* [GOAL OF THE EXERCISE]: All that is needed is an exact copy of the lines from the beginning of the data below through the line containing "Top Deals and Trends in Transactions", minus the pictures.

* [DATA PROVIDED]:
####

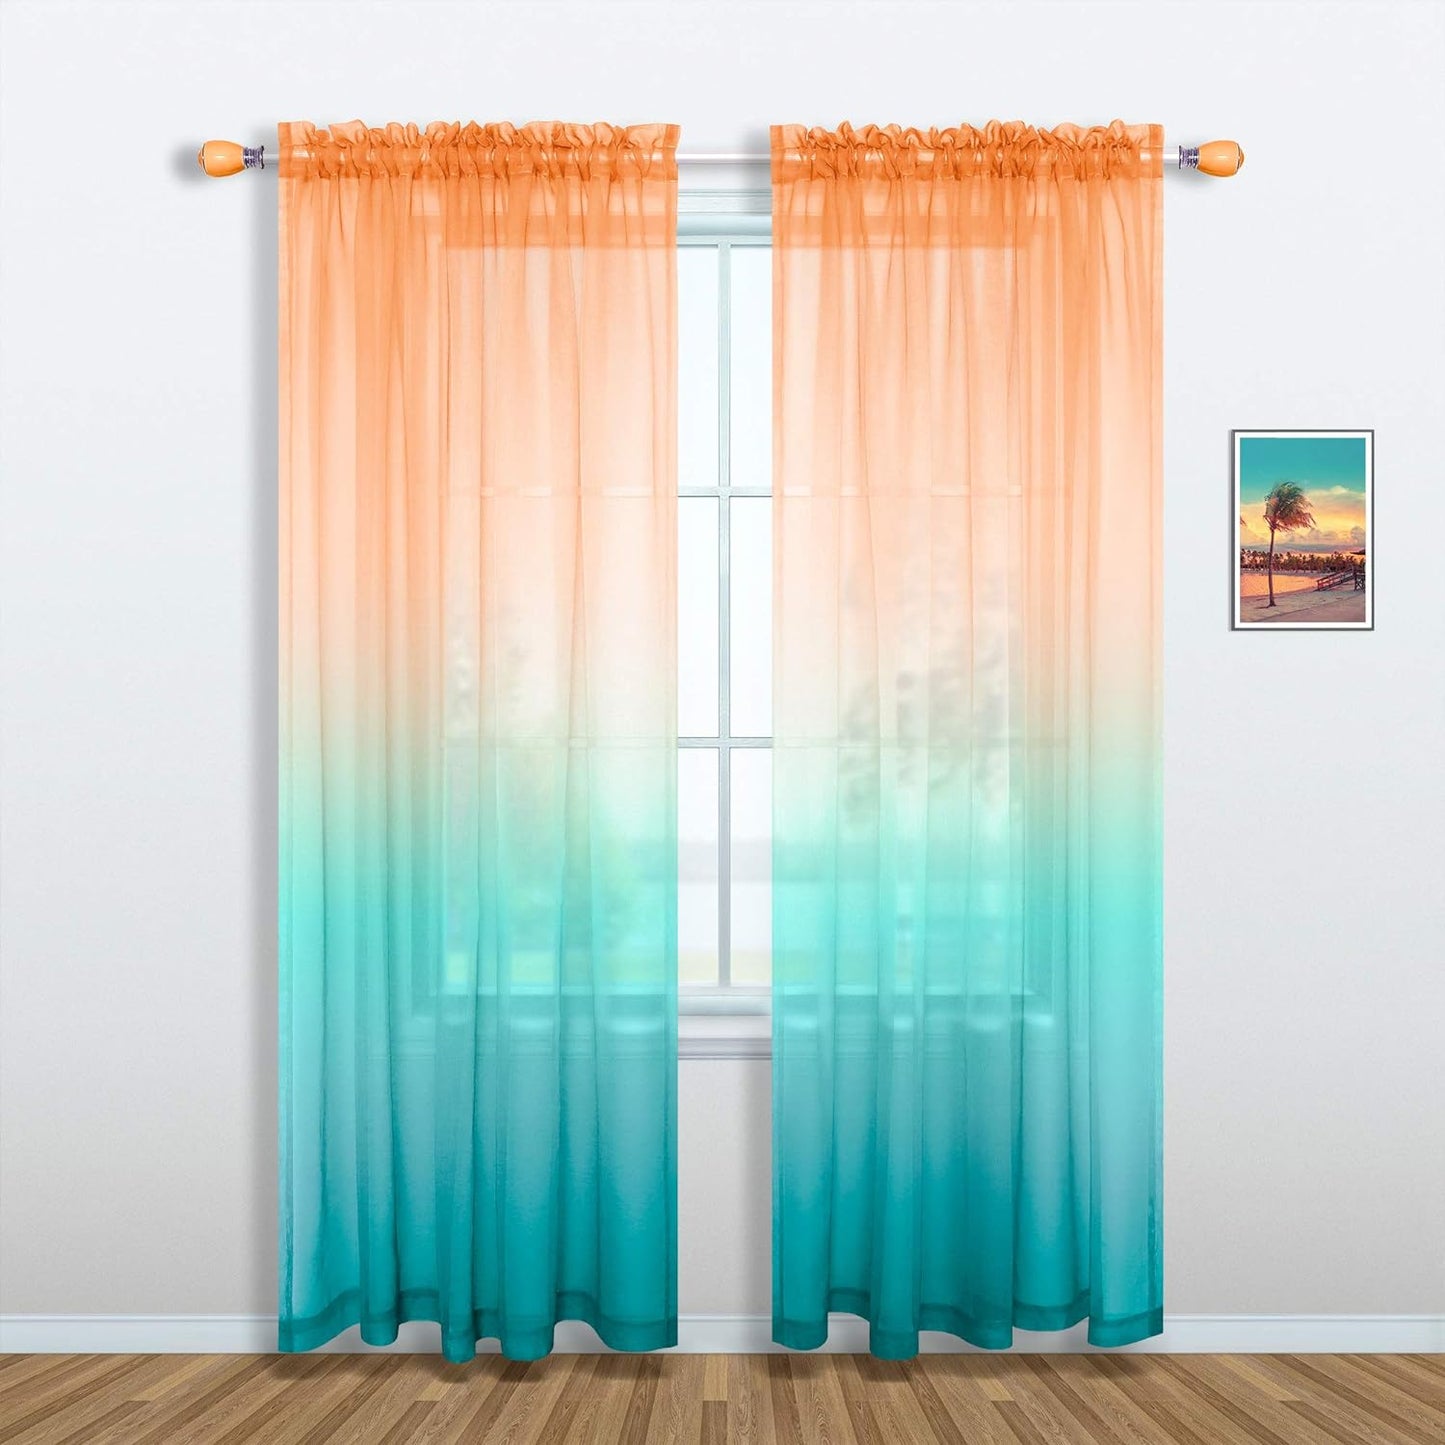 Pink and Purple Curtains for Girls Bedroom Decor Set 1 Single Panel Pocket Window Voile Pastel Sheer Ombre Rainbow Curtain for Kid Room Decoration Teen Princess 63 Inch Length Gradient Lilac Lavender  MRS.NATURALL TEXTILE Orange And Green 52X84 
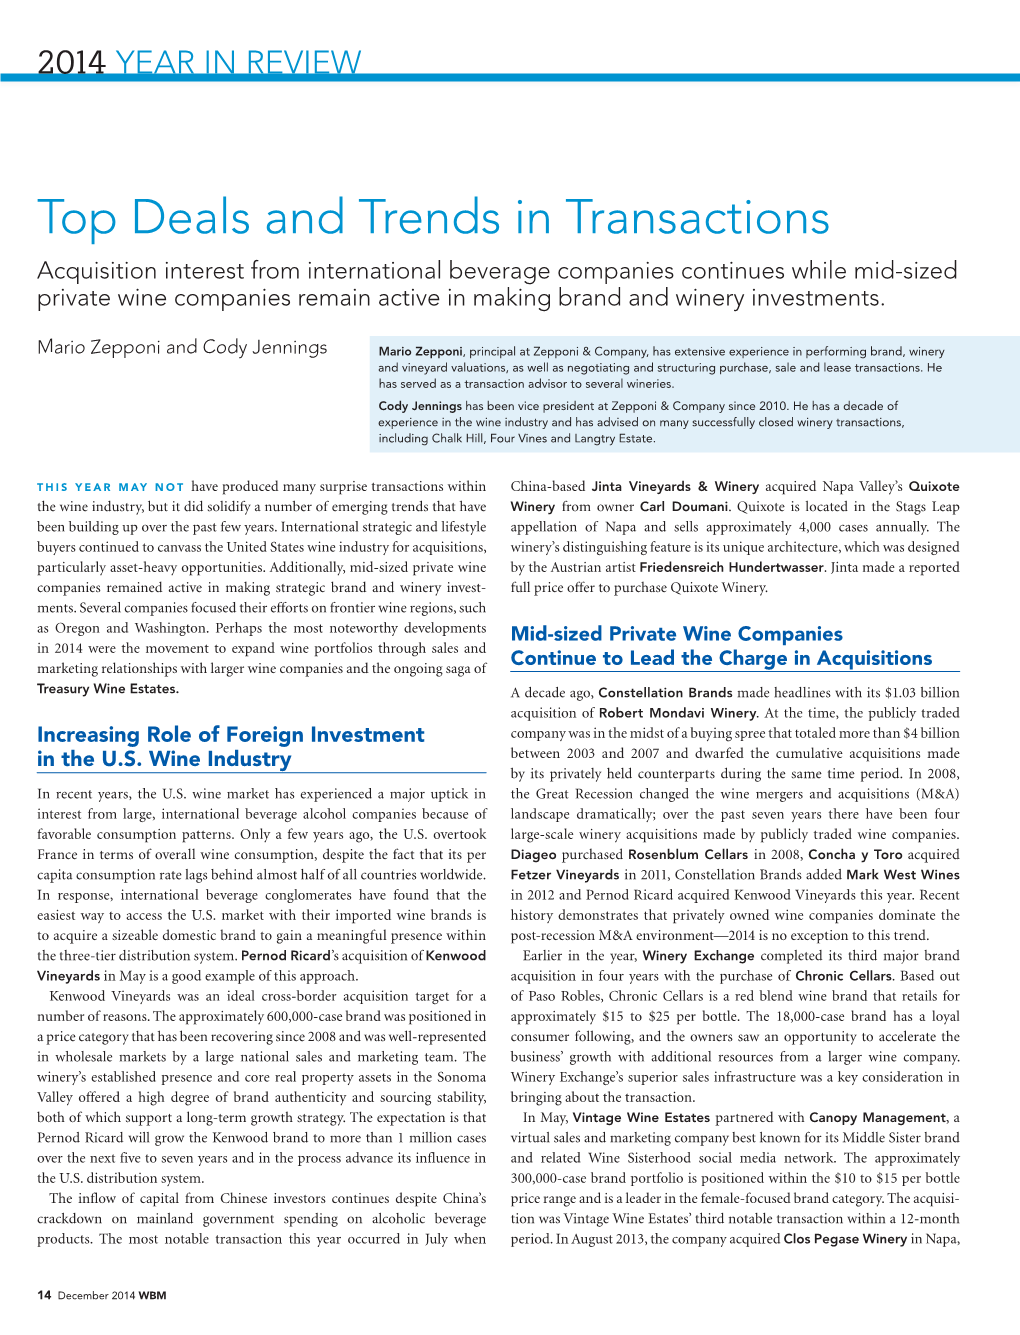 Top Deals and Trends in Transactions
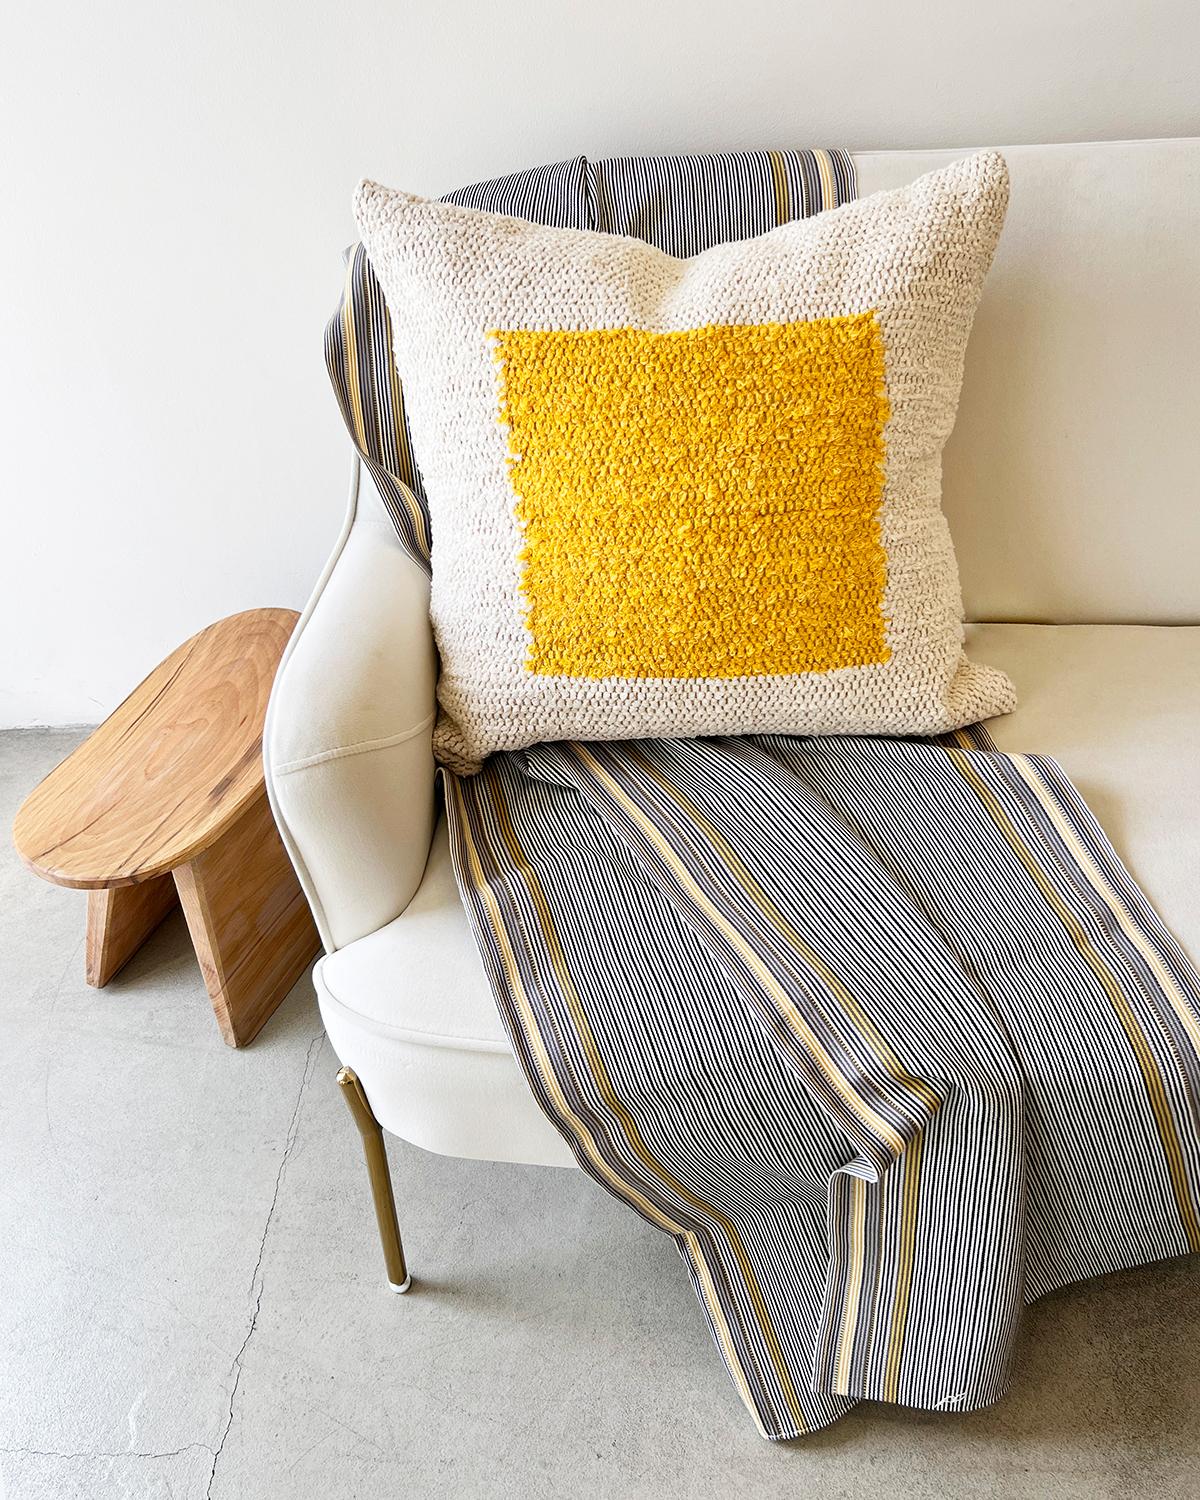 A geometric textured throw pillow for your couch or bed. This yellow and cream cotton throw pillow is made from this handwoven cotton and is perfect for a high traffic area like the living room couch. Put two matching pillows on either side of the
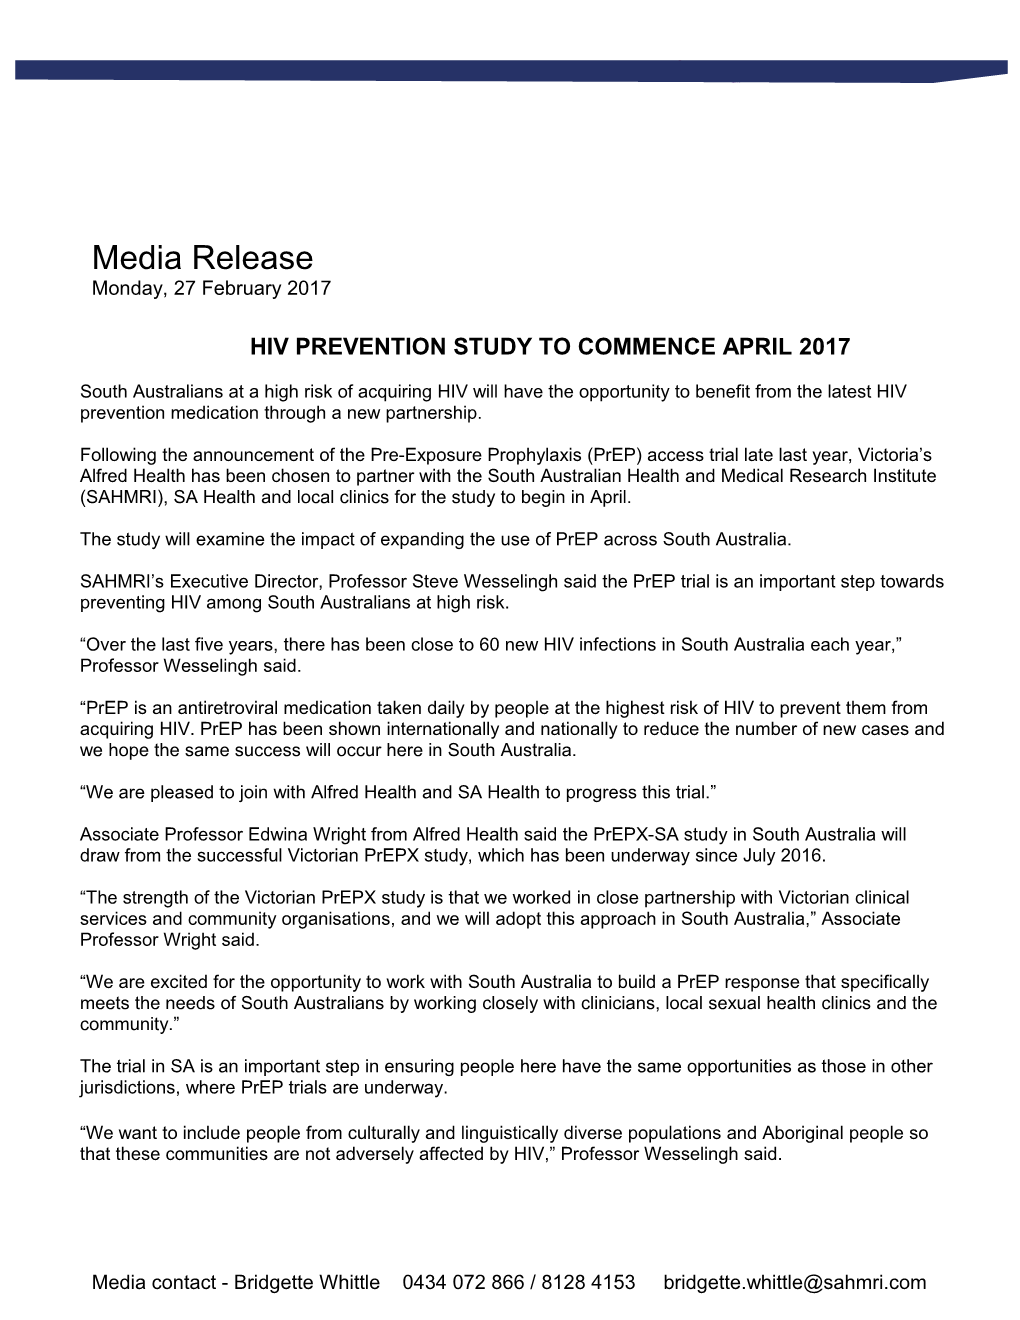 Hiv Prevention Study to Commence April 2017

####

* [TASK OUTPUT]:
 Pink and Purple Curtains for Girls Bedroom Decor Set 1 Single Panel Pocket Window Voile Pastel Sheer Ombre Rainbow Curtain for Kid Room Decoration Teen Princess 63 Inch Length Gradient Lilac Lavender  MRS.NATURALL TEXTILE Orange And Green 52X84 
 Top Deals and Trends in Transactions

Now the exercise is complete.